As Somini Sengupta and I wrote in an article in Saturday's Times, the new funding bill for the Federal Aviation Administration contained language that requires the agency to develop a plan for allowing a wide variety of drones - also known as unmanned aerial vehicles - in United States airspace by September 2015. Since 2007, the F.A.A. has prohibited the commercial use of drones, frustrating a broad array of companies and entrepreneurs - from photographers of high-end real estate to law-enforcement agencies. Some people, nonetheless, disobeyed that rule or said they had never heard of it.
Cinematographers were among the people most disappointed by the old F.A.A. rule. They said drones could help them get a lot of different shots that would normally require more expensive or complicated pieces of equipment, including dollies for tracking shots, Steadicams, cranes and traditional piloted helicopters.
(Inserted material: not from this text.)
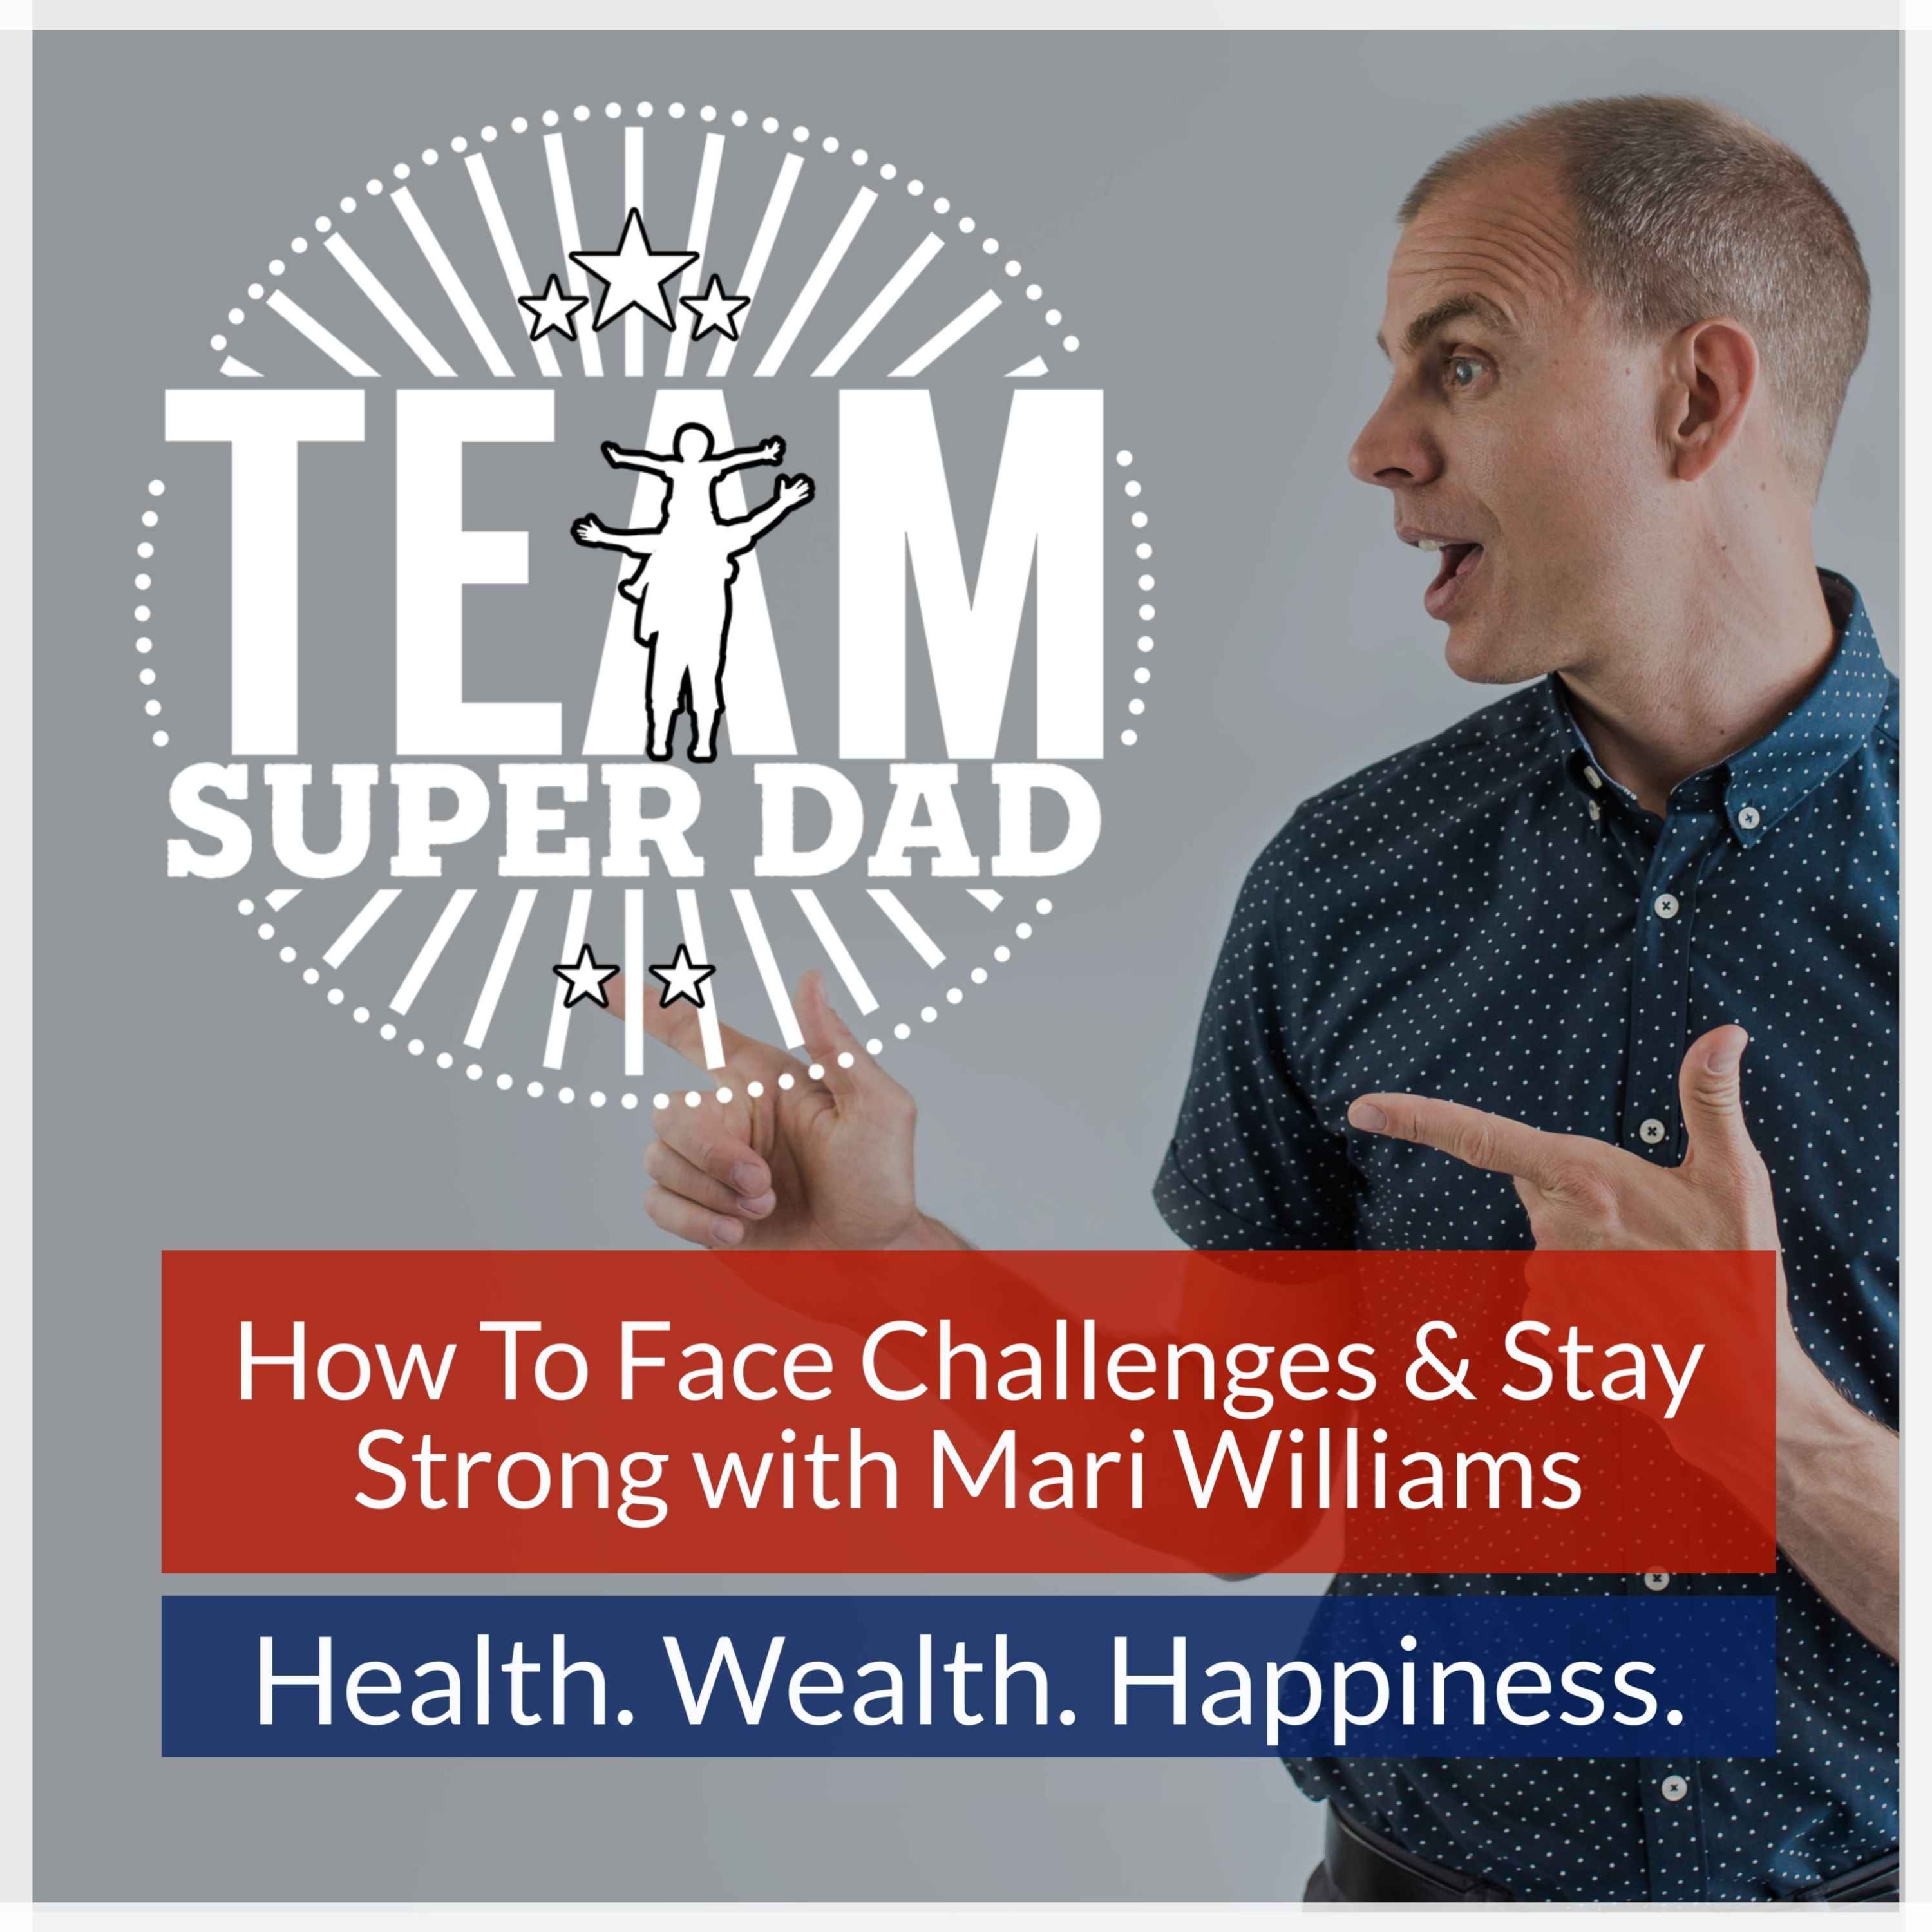 How To Be A Strong Leader with Mari Williams

A skilled drone pilot could begin filming indoors, then send the bird out a window and soaring into the sky for an aerial view, providing a continuous shot that would be very difficult to get other ways.
Russell Freeman, an aerial cinematographer with Mi6 Films in Southern California, was using remote-controlled helicopters to shoot music videos, scenes for reality television shows and surf competitions. But then he said he was contacted by the F.A.A. last year and told to stop flying his drone. He's still using unmanned helicopters to shoot commercials and television shows outside the United States, but he says many of his competitors are ignoring the ban.
"Unfortunately there are hundreds of other companies still flying every day, and we're not," he said. "They went underground."
Some movie industry organizations also started discouraging filmmakers from using drones last year because of the F.A.A. rule. Last May, the California Film Commission warned moviemakers that it would no longer issue permits to use drones for shooting films on beaches, state parks and other state properties. Last year, Film L.A., an organization that handles film permitting in Los Angeles, issued a similar warning to productions in that city.
Tabb Firchau, a drone cinematographer for Free Fly Cinema in Seattle, said he stopped working for hire in the United States because of the F.A.A. restrictions. Since then, he has been shooting commercials and films in Dubai, New Zealand and other countries.
"There's an entire industry sitting on the fringes, just waiting," Mr. Firchau said.